Но г. Бачманов, вместо того, чтобы делать то же, вдруг осердился и начал ругать кукушку всякими своими новогородскими бранями.
— Тьфу, ты проклятая, — говорил он, плюя то и дело, — чорт бы тебя, окаянную, взял! Нелегкая б тебя подавила! На свою бы тебе это голову! — и так далее.
Мы, услышав сие, покатились со смеху.
— Что это, брат Макар, — говорили мы, — за что это на кукушку так гневаешься? Что она тебе сделала?
— Как, братцы, что, — сказал он, — голодного меня, проклятая, закуковала, и я верно теперь уже знаю, что мне сего года не пережить. О, лихая бы ее побрала болезнь и все черти б ее, проклятую, задавили.
— Так, так! — сказали мы, еще пуще захохотав. — Теперь прощай, брат Макар! Не сносить уж тебе своей головки! Уж кукушка предвозвестила, так уже, знать, и быть и приходит уже расставаться со светом.
Сколь ни прост был наш Макар, но приметил, что мы над ним скалозубим, и тогда вдруг, вместо кукушки, поднимись весь его праведный гнев на нас, а сим и подал он нам вновь оружие на себя — мучить и бесить его нашими насмешками: и кукушка сия во весь тот день столько ему насолила, что он не рад был наконец своей жизни и проклинал и нас, и себя, и охоту свою к гулянью.
Однако сим дело еще не окончилось. Как приметили мы, что кукушкою сею, его всего скорее растрогать[152] и вздурить было можно, чего мы всегда и добивались, то, обрадуясь сему, поступили мы далее, и меня догадало еще сложить на сей случай смешную и такую песенку, которая бы могла вмиг его растрогивать. Признаюсь, что была то сущая шалость, и побудило меня к тому не что иное, как, с одной стороны, молодость и легкомысленность, а с другой — присоветование моего капитана, ибо сей, шутя над ним так же, как и мы, не успел о вышеупомянутом закуковании кукушки и обо всем услышать, как тотчас мне сказал:
— Эх, братец! Сложить бы о сем песенку, то-то было бы смеху и проказ!

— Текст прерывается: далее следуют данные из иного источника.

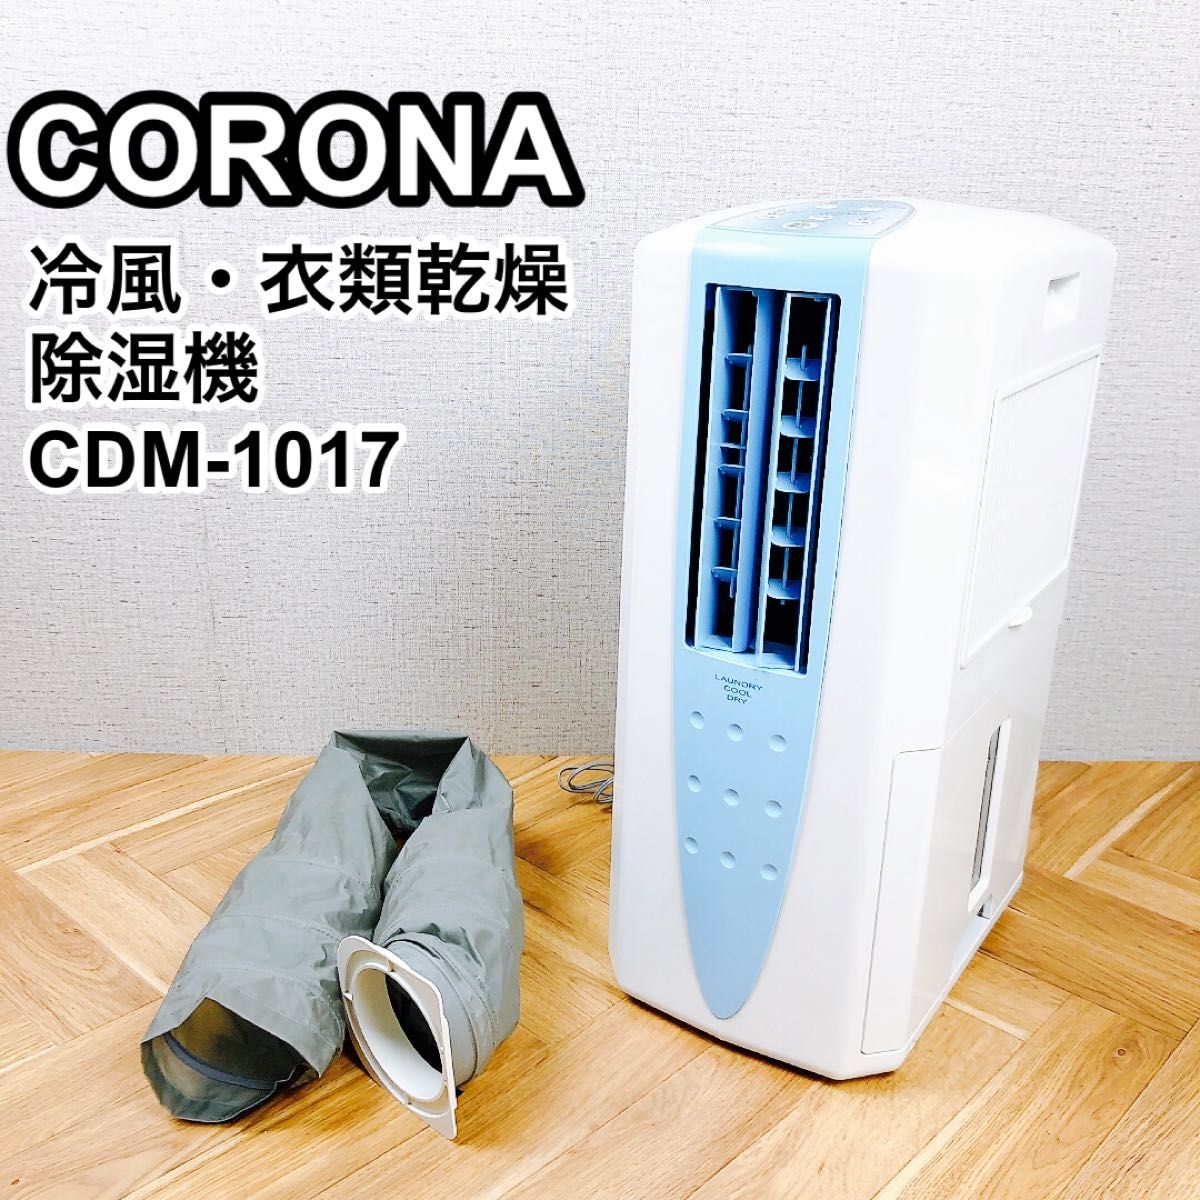 CORONA コロナ 冷風 衣類乾燥除湿機 CDM-1017 どこでもクーラー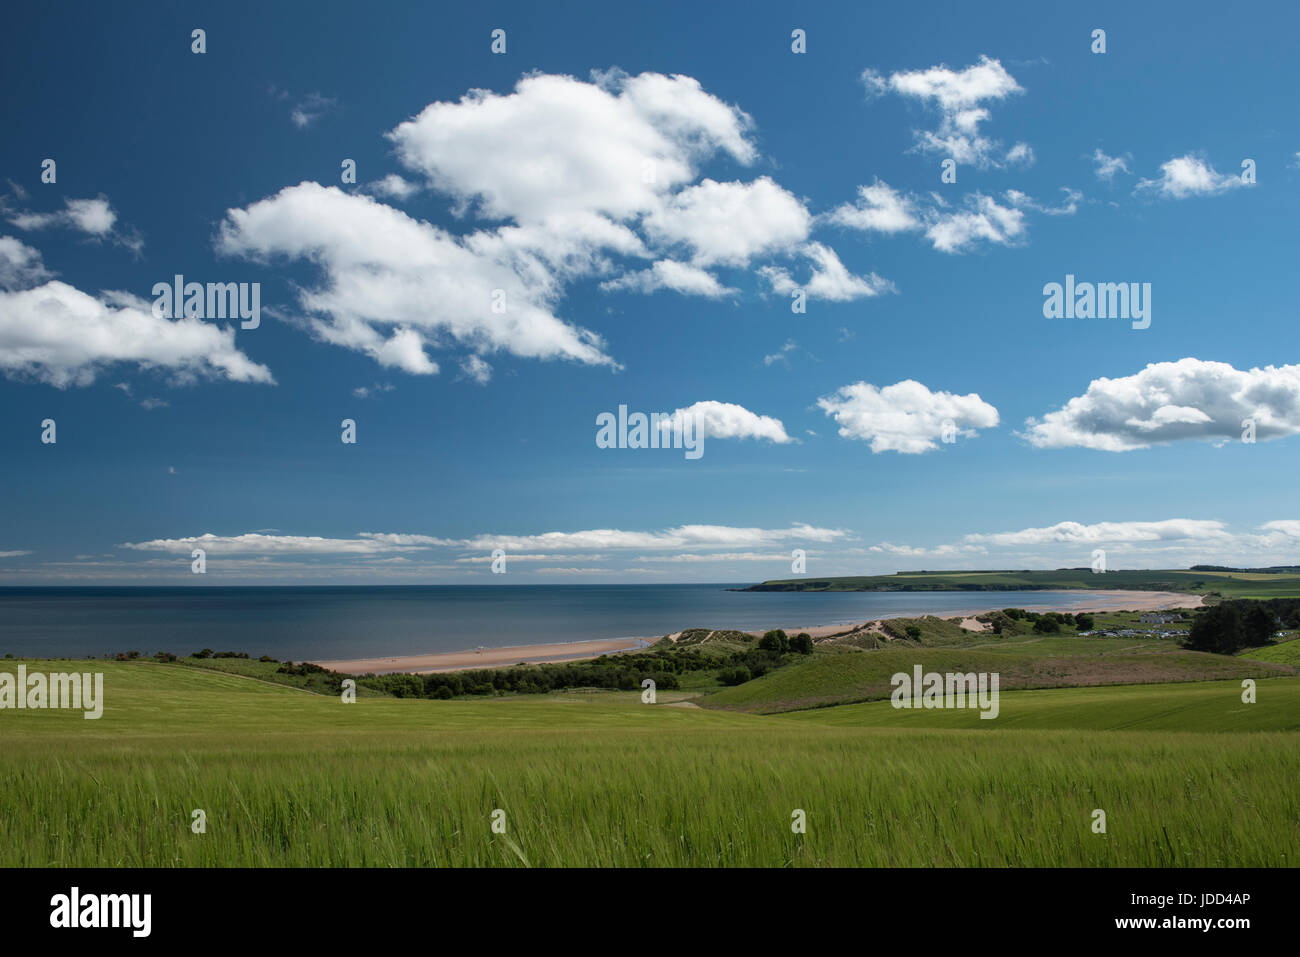 Lunan Bay, Angus, Scotland Stock Photo

И вдруг бы мы все ее запели, и когда он так кукушку не взлюбил, так и посмотри, что тогда б было.
Сего было довольно к возбуждению во мне охоты испытать, не могу ли я сложить песенку на какой-нибудь знакомый голос,[153] и как мне голос старинной и всем знакомой песни "Негде в маленьком леску при потоках речки" всех прочих был знакомее, да и самый род сей песни казался к тому наиудобнейшим, то и начал я тотчас вымышлять слова и составлять в первый раз отроду стихи и рифмы.